Exercise requirements
Write out each line of the listing as it stands, without the images.

Collected data
===

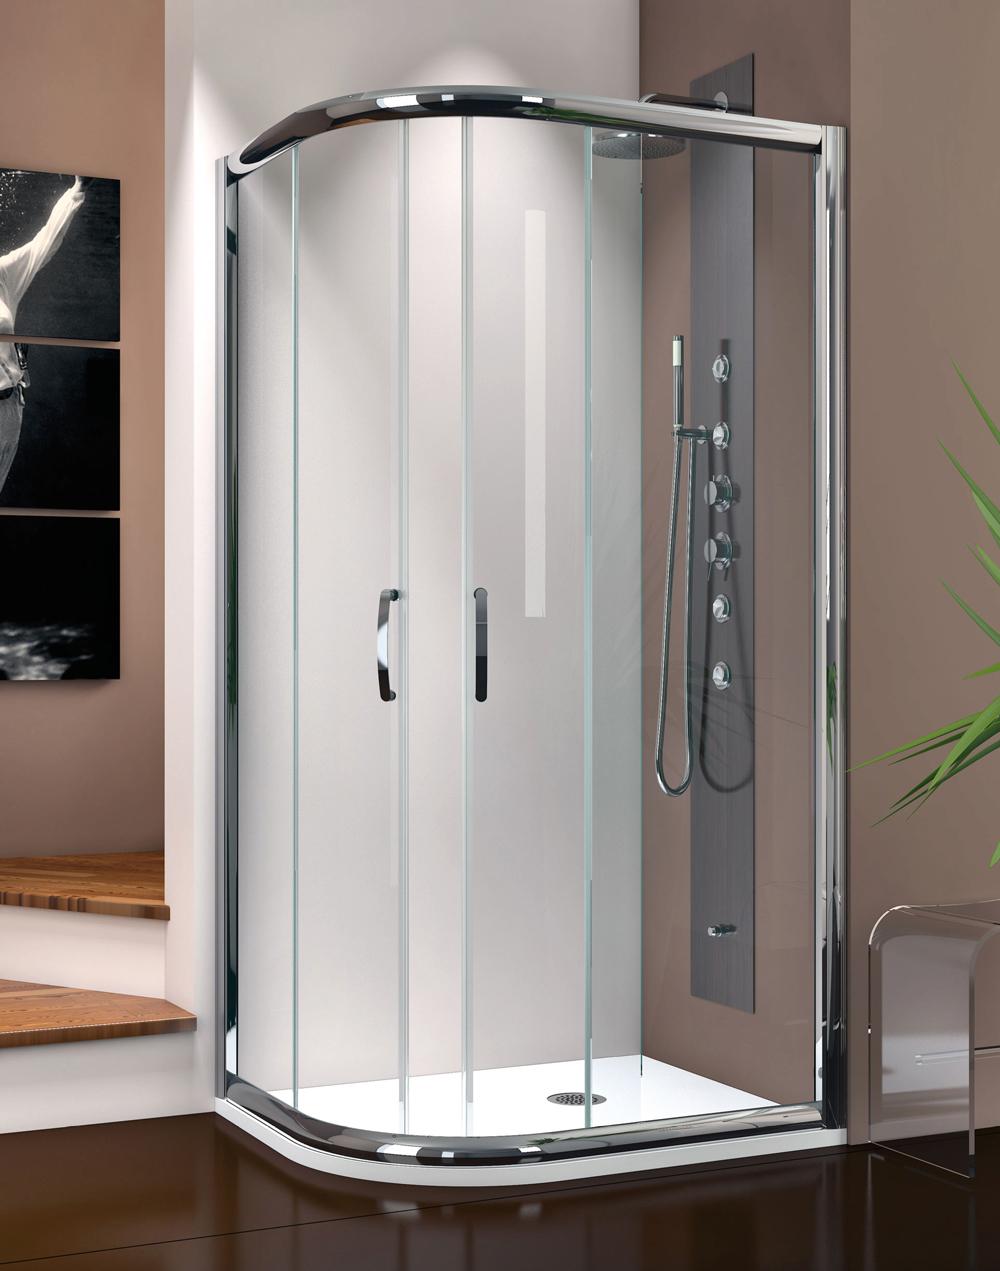 Ambra amb sr thermodesign - Box doccia design minimale ...
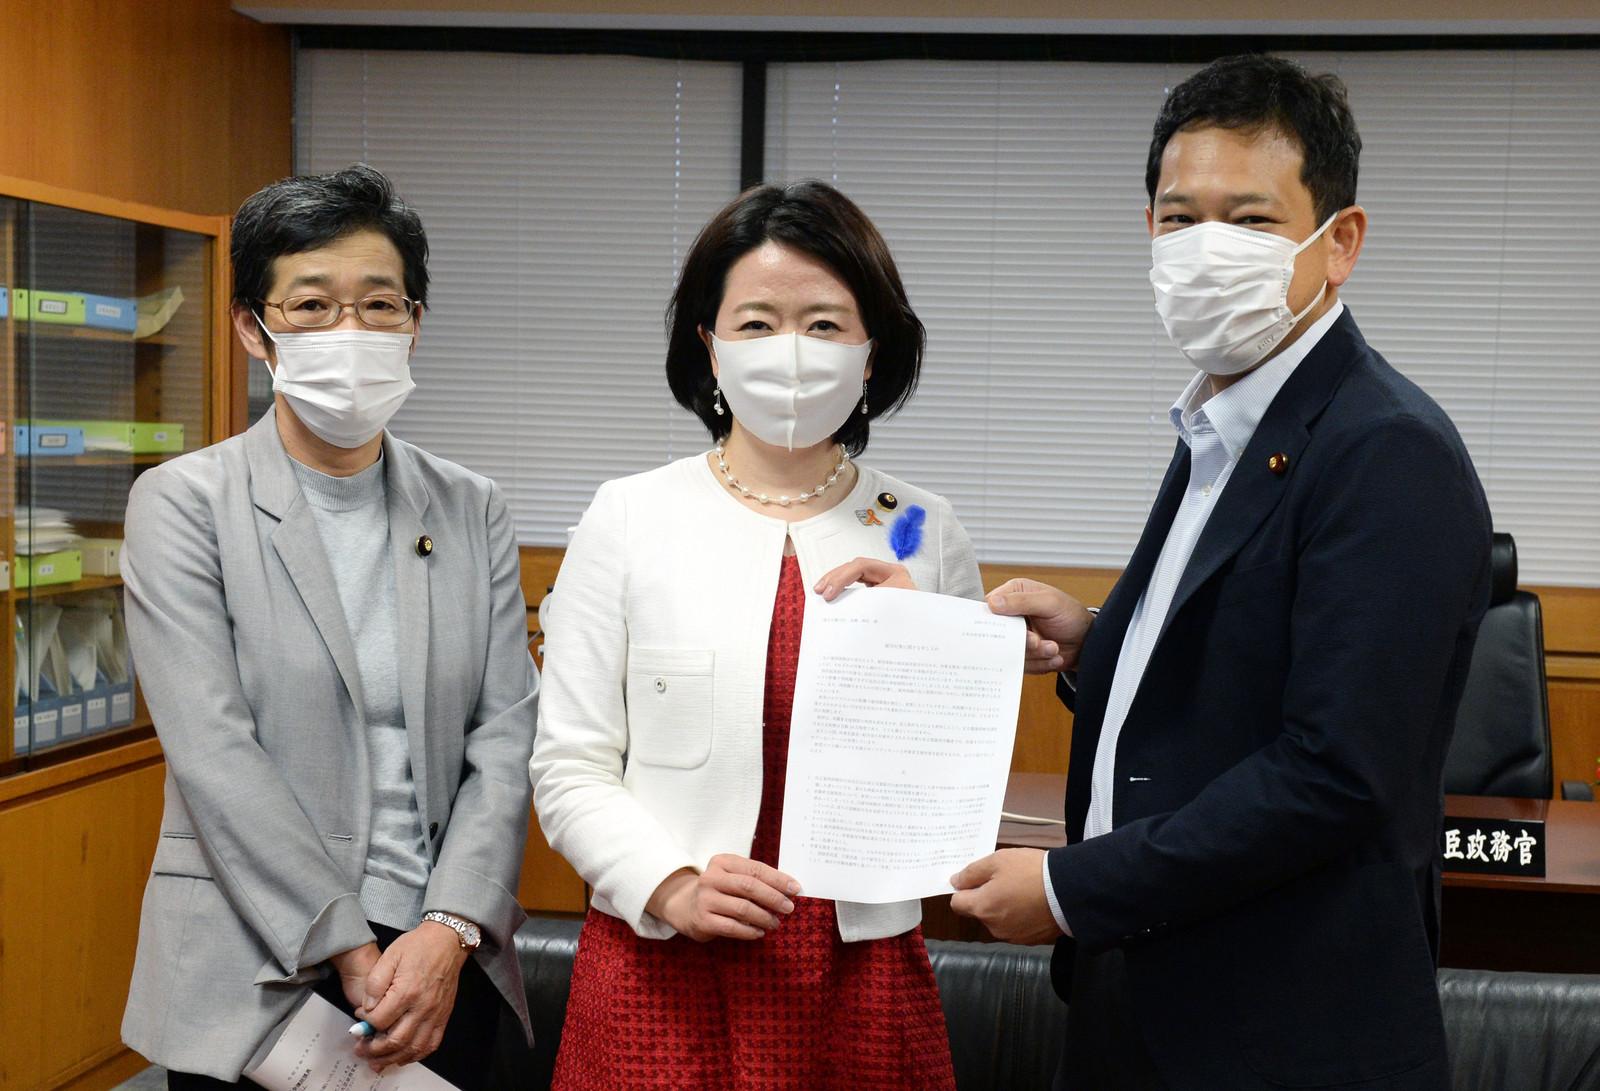 自見大臣政務官(中央)に申し入れ書を手渡す倉林(左)、宮本の各氏
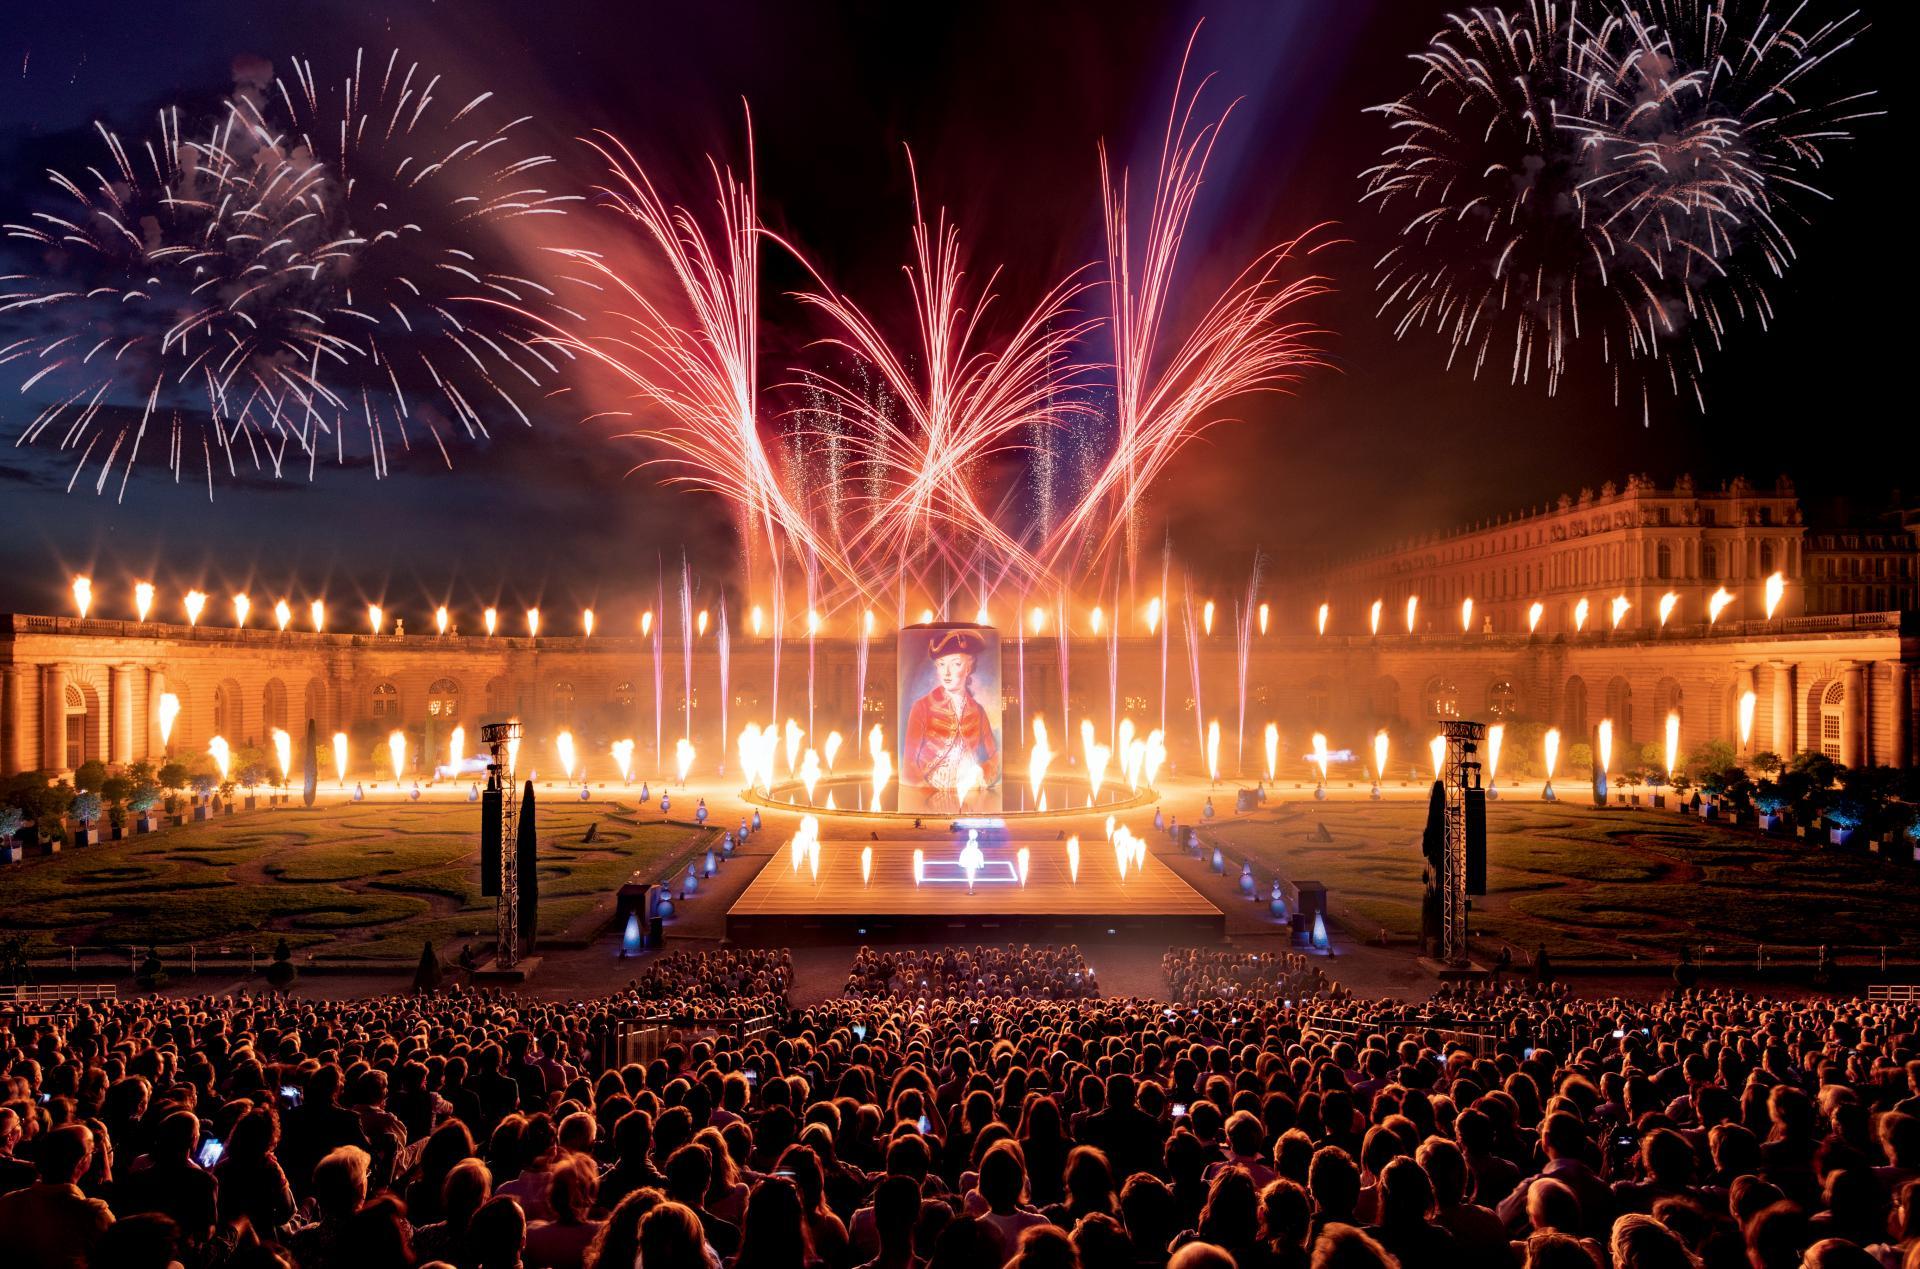 Calendrier Feu D Artifice 2020.Versailles Festival 2019 Chateau De Versailles

===

Answer to this exercise
 Ambra amb sr thermodesign - Box doccia design minimale ...
 自見大臣政務官(中央)に申し入れ書を手渡す倉林(左)、宮本の各氏
 Calendrier Feu D Artifice 2020.Versailles Festival 2019 Chateau De Versailles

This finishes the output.